Classification trainer

The classification trainer trains a number of models in parallel or sequentially to help it determine the best performing model. This trainer may also take advantage of ensembling if it determines that a weighted ensemble of models performs better than any single model. This trainer is built using AutoGluon's ↗ TabularPredictor class.

The classification trainer may also perform model training techniques such as stacking or bagging to further improve performance. Stacking is an ensembling process where the predictions produced by the set of models trained on the input data are used to train a further "layer" of models, and this process may be repeated. Bagging is an internal optimization method where each model architecture is trained on multiple random samples of the data and outputs are combined in an ensemble. Stacking and bagging is controlled by the Training preset parameter.

The structure of the model ensemble can be viewed on the output model's experiment page under Plots.

Models trained

Internally, multiple models will be trained, unless disabled by excluding the model or with the use of hyperparameters.
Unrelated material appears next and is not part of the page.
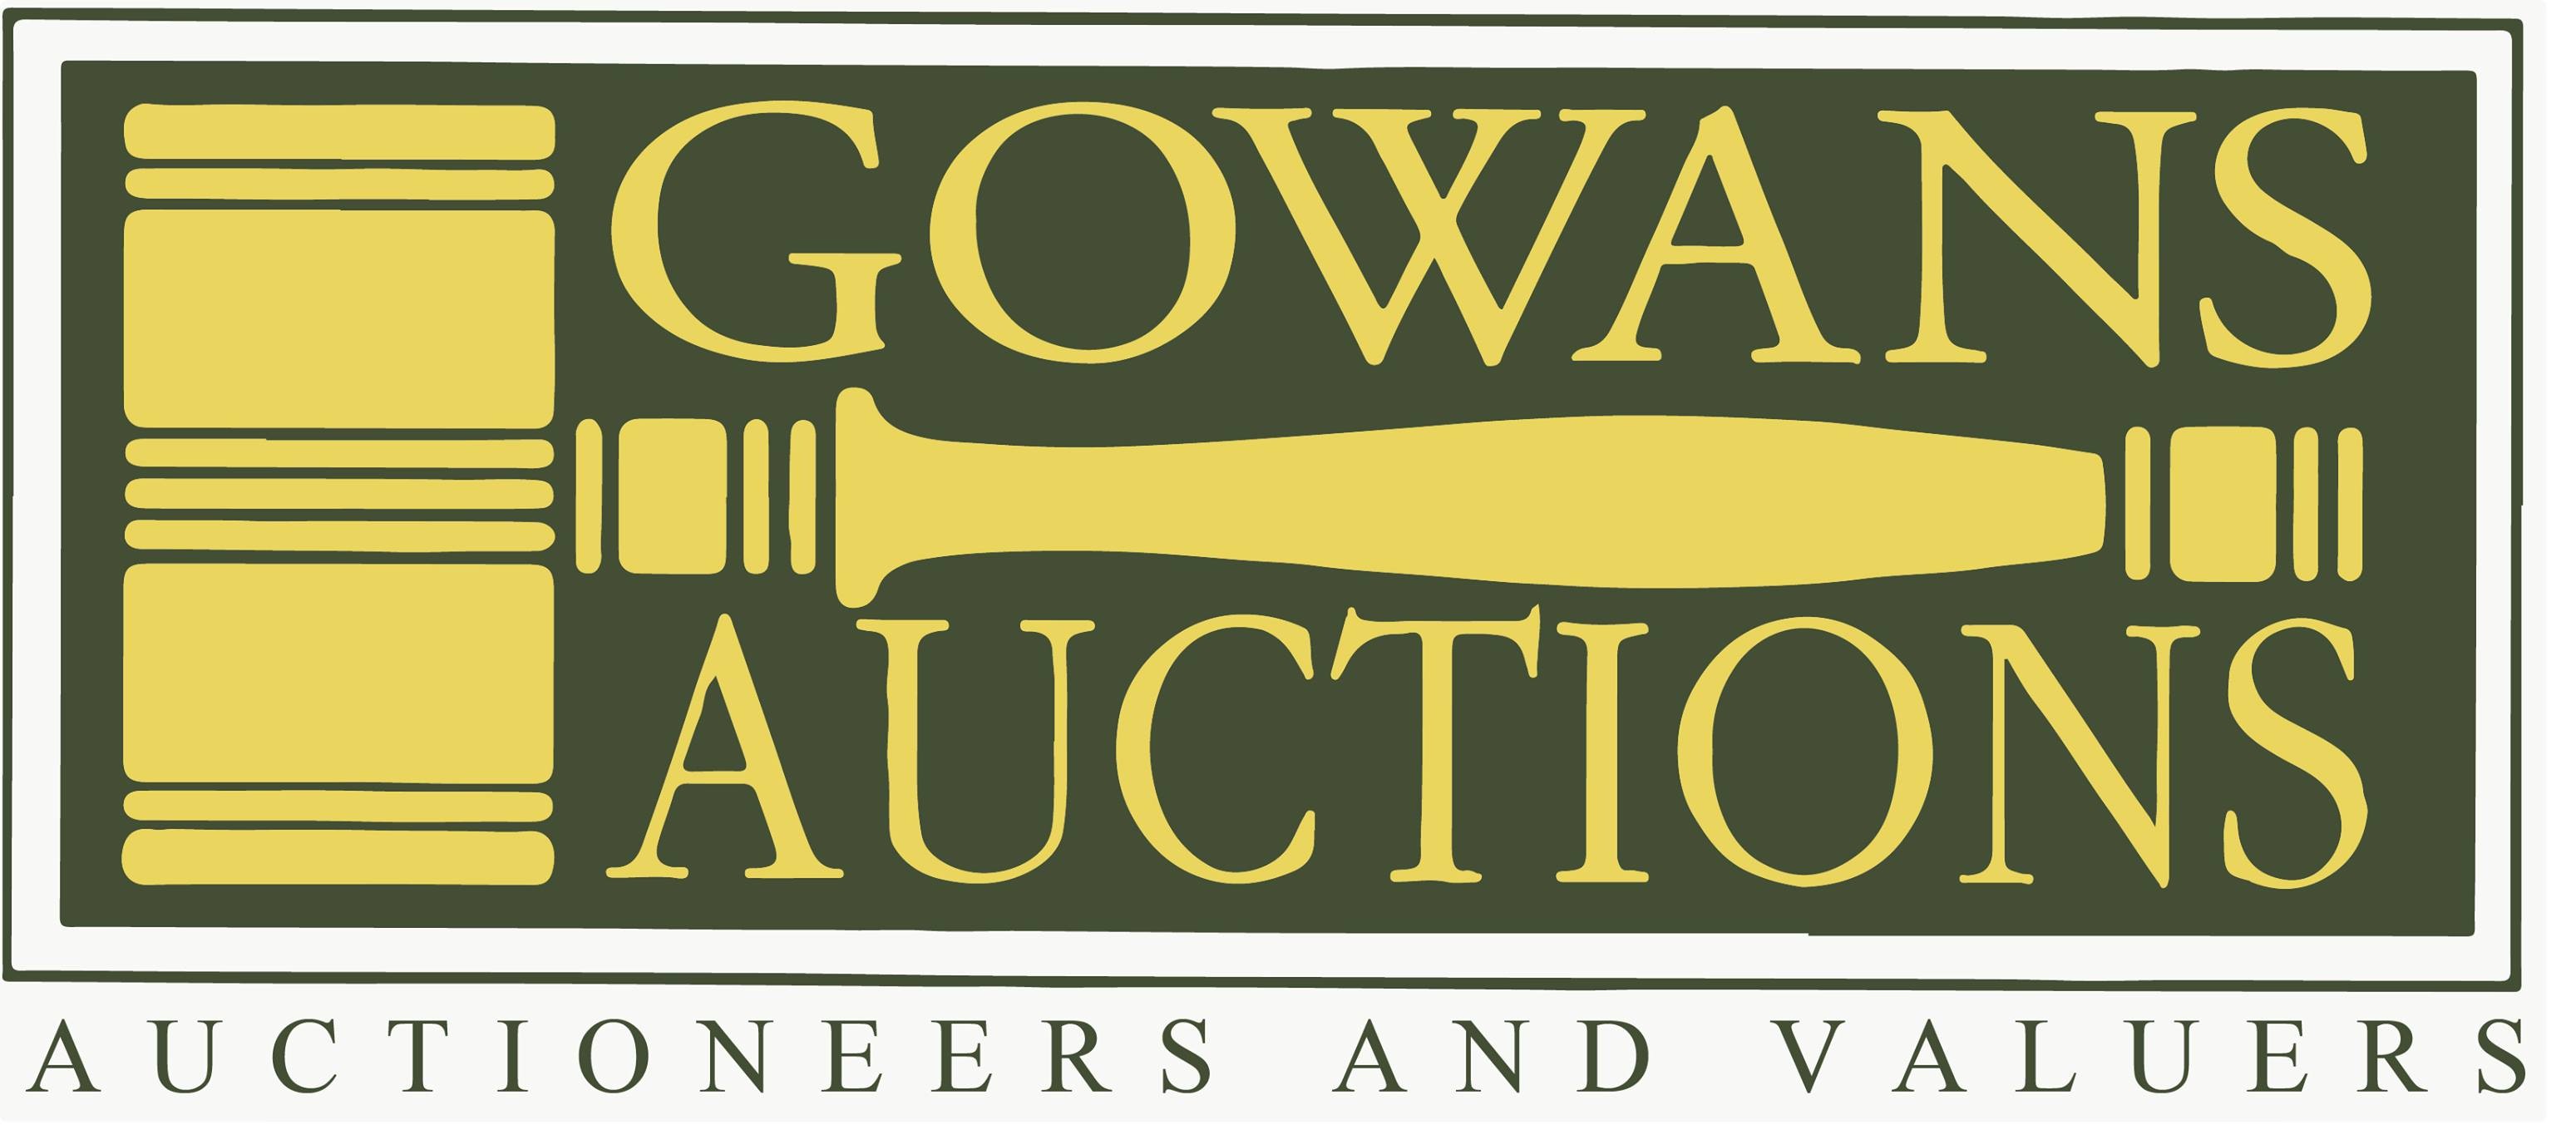 Gowan's Auctions
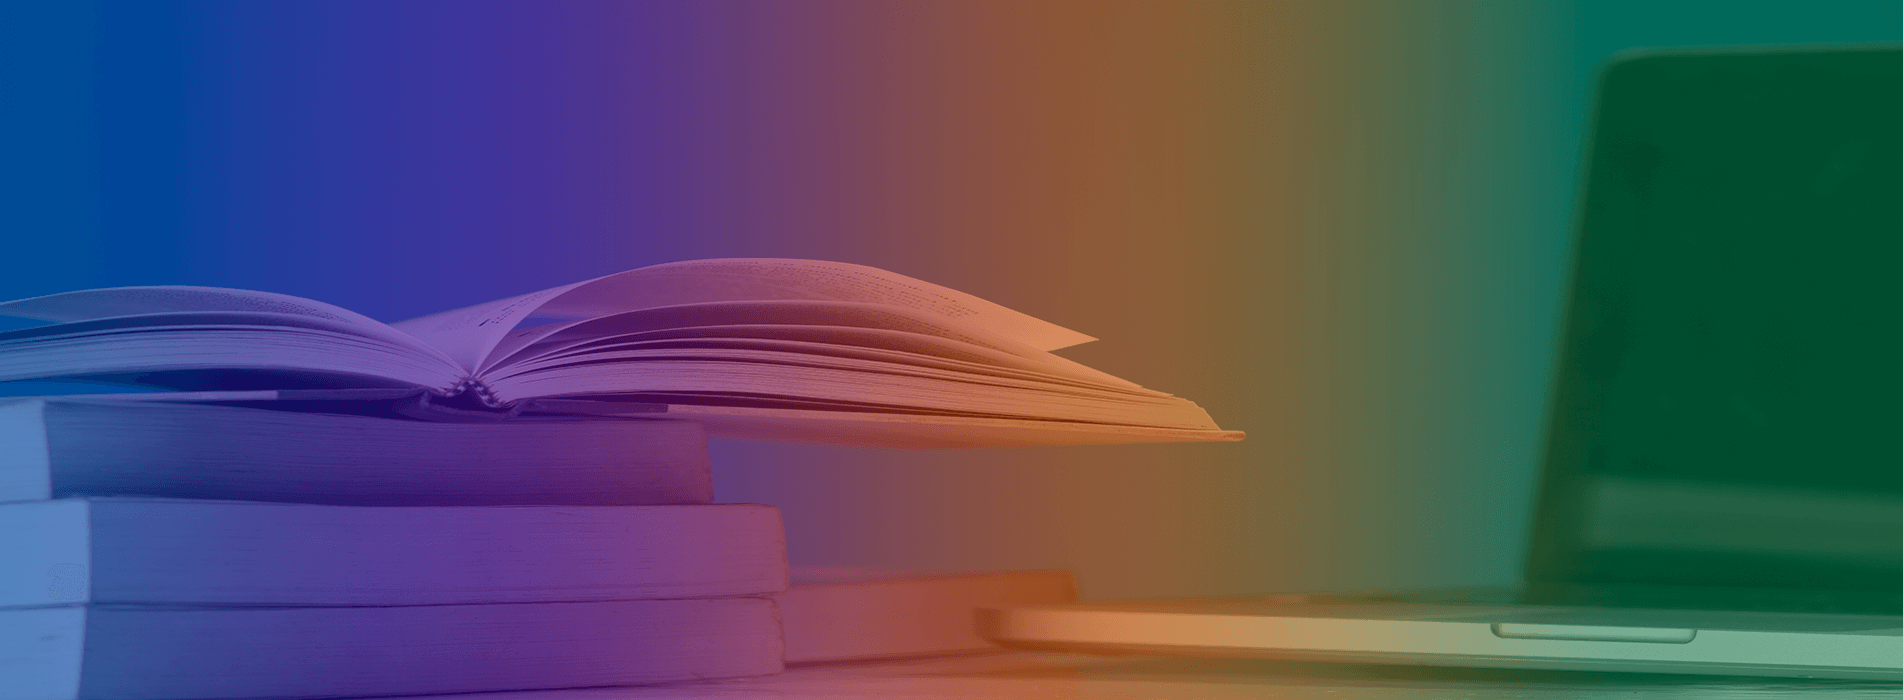 5 livros sobre tecnologia para ler em 2022 e aumentar seus conhecimentos

The following types of models are available for training:

Parameters

  • Evaluation metric: The metric used to score the models during training performance. Different datasets may perform better on different evaluation metrics. Refer to the in-platform documentation for more details. The higher an evaluation metric is, the better the model's performance. All evaluation metrics follow this pattern.
  • Training preset: Training presets are an abstraction above more complex arguments around bagging and stacking.
    • best_quality: Enables stacking and bagging. This should be used when the best possible model is required, even at the cost of training and inference speed.
    • high_quality: Enables stacking and bagging. Training time and inference time should be faster than the best_quality preset, but the model may be slightly less accurate.
    • good_quality: Enables stacking and bagging. This preset has a faster training and inference speed than the previous presets, with decent predictive accuracy.
    • medium_quality: Disables stacking and bagging. This preset has the fastest training time, but moderate predictive accuracy. This should be used for prototyping.
  • Training and inference limits:
    • Training time limit: Optionally set the maximum amount of time spent training. This time limit may be respected on a best effort basis when using presets that enable stacking and bagging. When the time limit is reached, the training portion of the job will end. Note that the job will not finish until model validation is complete and the model has been published.
    • Inference time limit: Optionally set the maximum amount of time that a given model may run during inference. Any model that surpasses this time limit will be skipped. We do not recommend setting this value unless strict inference time limits are required.
  • Excluded model types: Excludes certain model types from being used during training.
  • Prediction column name: An override for the prediction column name. By default, the target column name will be used.
  • Predict probabilities: If true, class probabilities will be returned instead of a single class prediction. Additional output columns will be added following the format {prediction_column_name}_proba_{class_label} where prediction_column_name is the name of the prediction column and class_label is the class that the probability is predicting. Note that by default, the prediction column name is the name of the target columns.

Advanced: Stacking configuration

The optional stacking configuration fields allow for deeper control over how the model ensemble is constructed:

  • Fit weighted ensemble: When enabled, a WeightedEnsemble model will be produced at each stacking layer. We recommend enabling this for improved model performance.
  • Fit last ensemble with all models: When enabled, the WeightedEnsemble of the last stacking layer will be fit with models from all previous layers as base models. This value has no effect when using a preset that disables stacking. We recommend enabling this for improved model performance.
  • Fit full weighted ensemble: When enabled, a secondary WeightedEnsemble model will be produced on top of the weighted ensembles produced when fit last ensemble with all models is enabled. This option has no effect if fit last ensemble with all models is disabled, or when using a preset that disables stacking.

Advanced: Hyperparameters

The optional hyperparameter field allows for deeper customization and control over each trained model, with one caveat. When this field is defined, any model not supplied in the hyperparameter field will be ignored. This field will override the default hyperparameters chosen by AutoGluon, and can produce poor results. For this reason, we recommend avoiding this field if you have not consulted the AutoGluon documentation ↗. In the majority of cases, the default hyperparameters provide strong enough results.

In general, the arguments passed here will be sent directly to the underlying model implementation.

Take the example below:

Copied!
1 2 3 4 5 6 { "GBM": [ {"extra_trees": true}, {} ], "NN_TORCH": {} }

These hyperparameters will enforce that the following models are trained:

  1. A GBM model with the argument extra_trees set to true.
  2. A GBM model with default arguments.
  3. A PyTorch model with default arguments.

With the provided hyperparameters, these are the only models that will be trained before any ensembling or stacking operations are applied.

Outputs

The classification trainer will output a Foundry model that contains the best model as determined by the validation steps. Details about the model can be accessed by navigating to the experiment, which will contain parameters, metrics, and plots that provide insight into the model's performance.